Data section »

┄┄┄┄┄┄┄┄┄┄

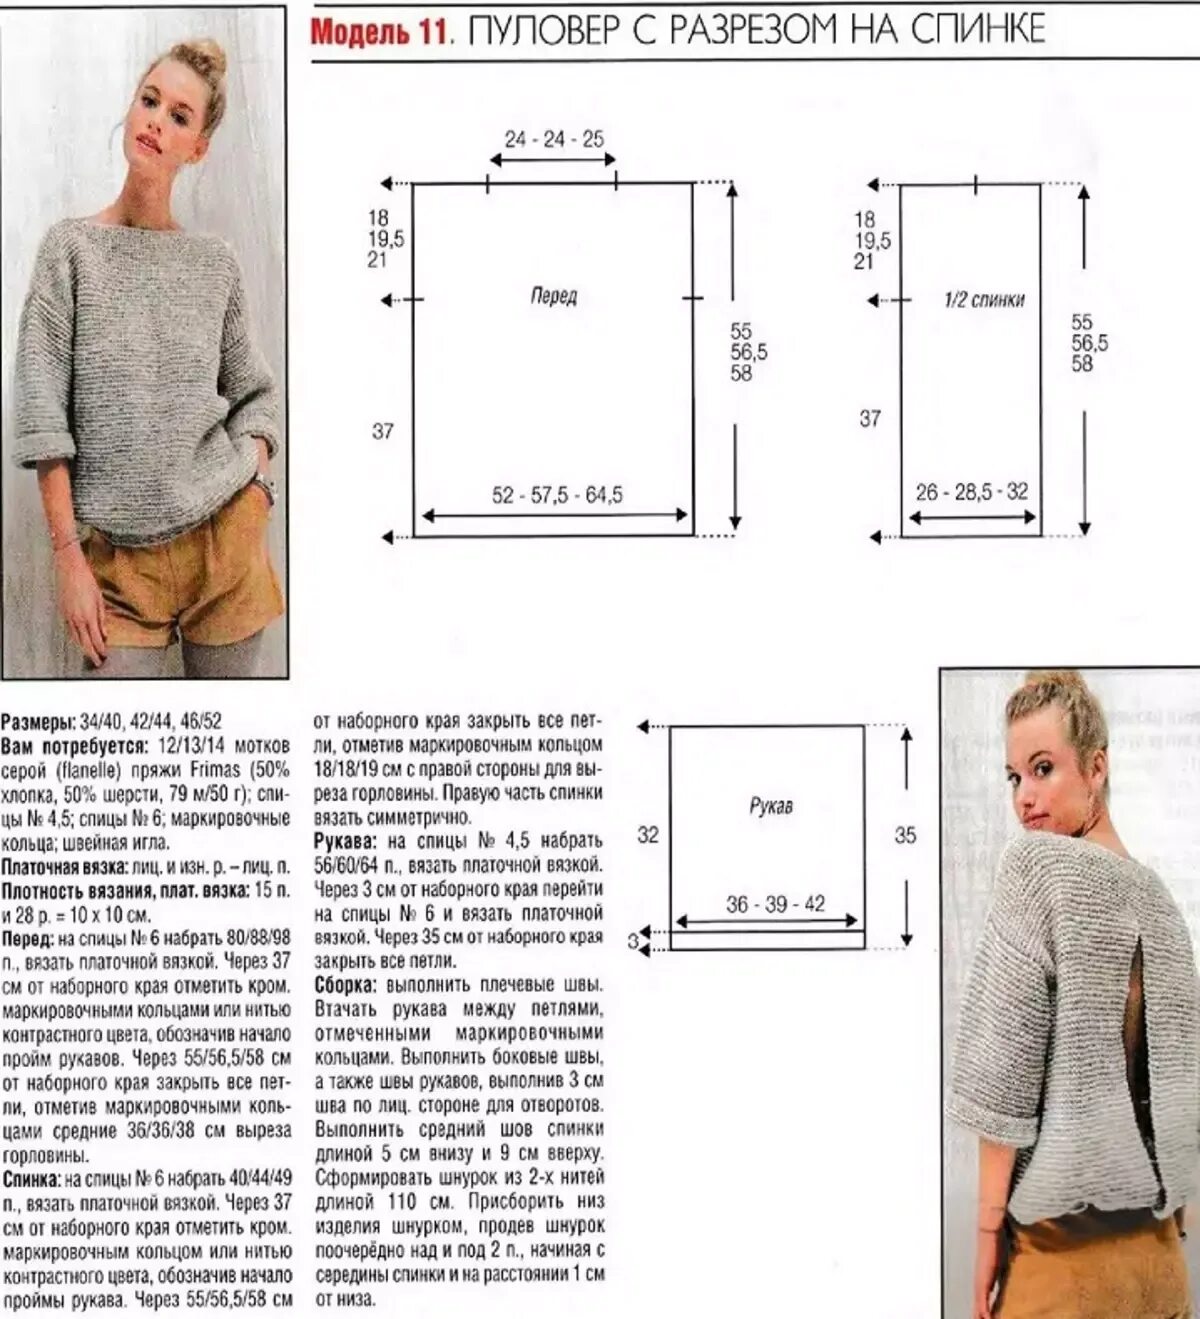 Простое модели спицами для начинающих. Свитер женский вязаный спицами с описанием для начинающих 46 размер. Схема вязания свитера спицами для женщин 42 размер. Как вязать кофту 42 размер спицами для начинающих для женщин. Схема вязания свитера оверсайз спицами.
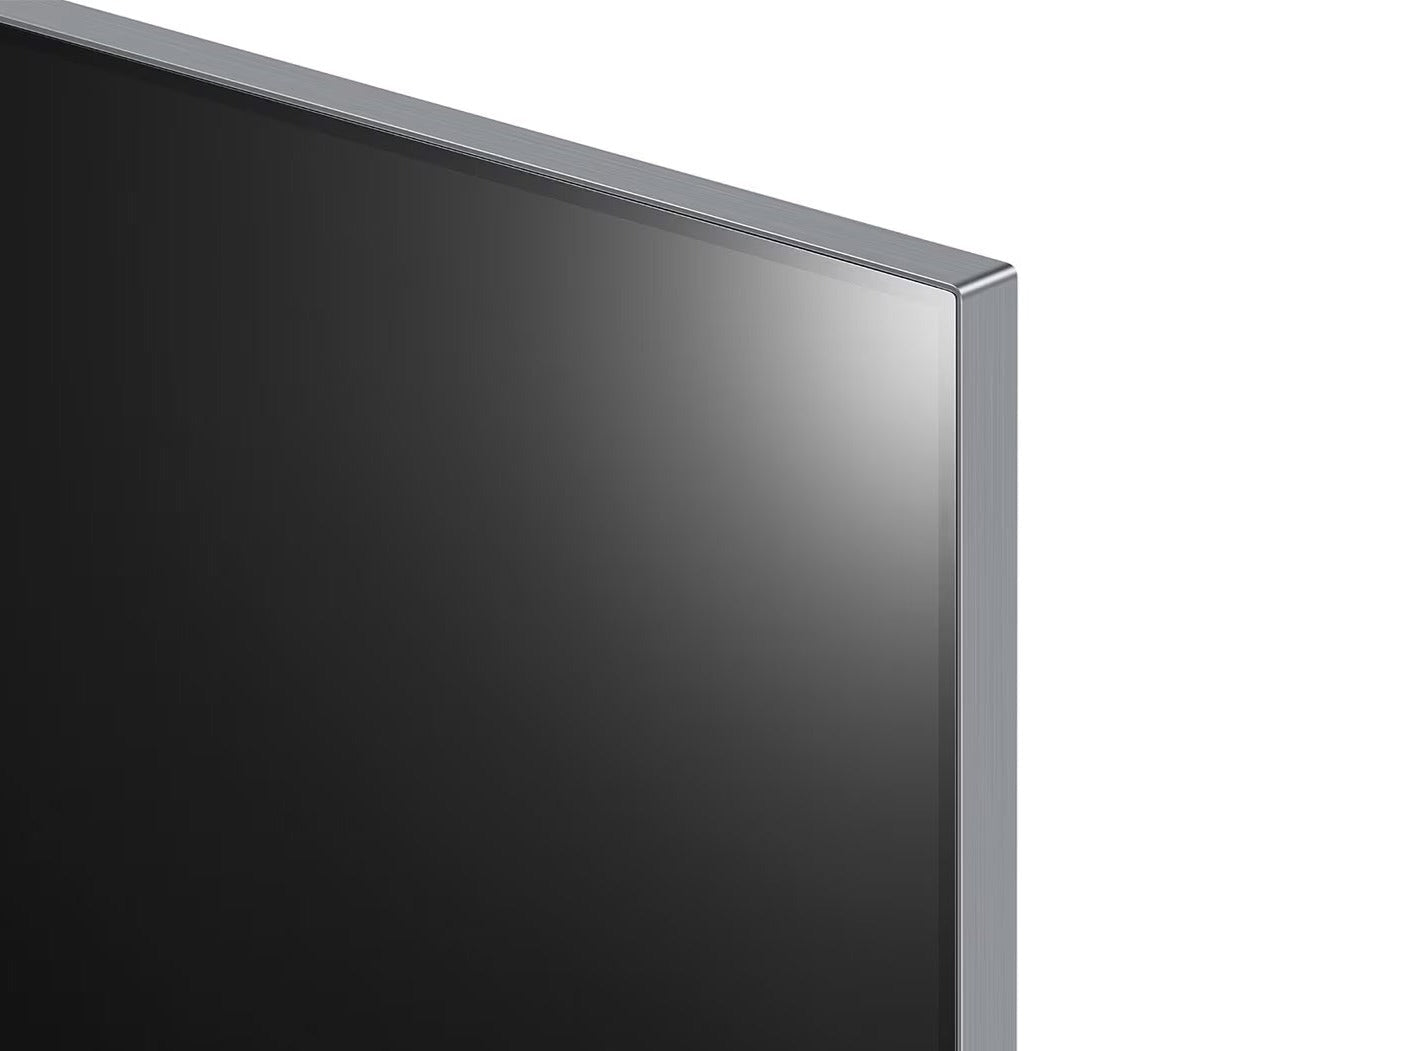 LG 97G2 OLED evo televízió jobb felső keret ráközelítve.
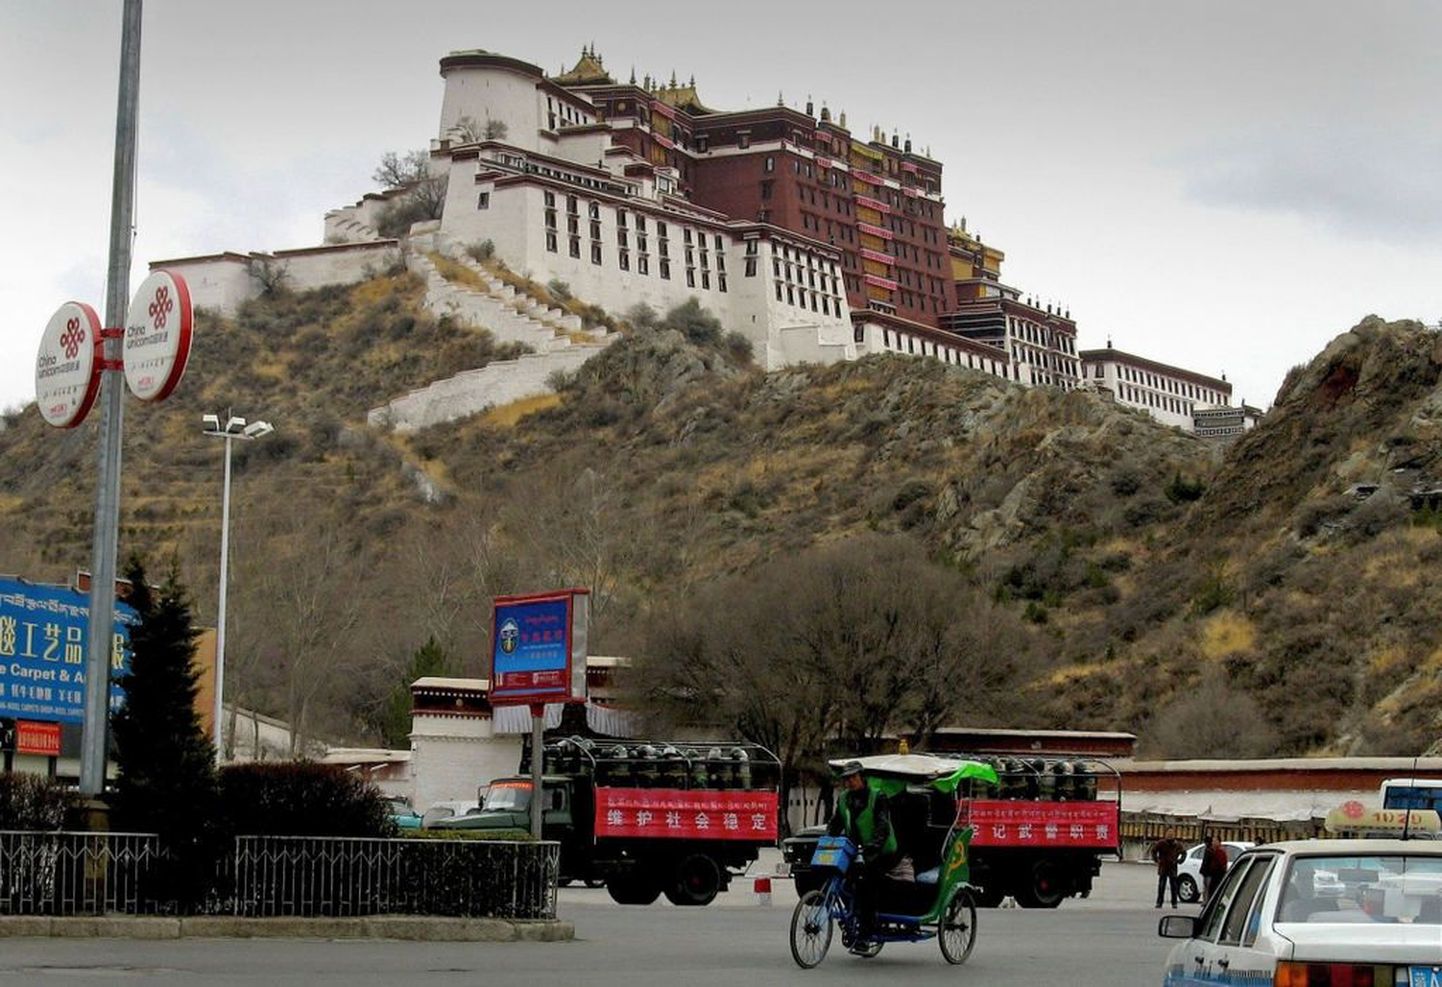 Hiina sõdurid istumas veokites Potala palee ees Lhasas..

┄┄┄┄┄┄┄┄┄┄

Work required »
Could you please return each line of the material exactly, dropping the pictures?

Solution for this exercise »
 Простое модели спицами для начинающих. Свитер женский вязаный спицами с описанием для начинающих 46 размер. Схема вязания свитера спицами для женщин 42 размер. Как вязать кофту 42 размер спицами для начинающих для женщин. Схема вязания свитера оверсайз спицами.
 LG 97G2 OLED evo televízió jobb felső keret ráközelítve.
 Hiina sõdurid istumas veokites Potala palee ees Lhasas..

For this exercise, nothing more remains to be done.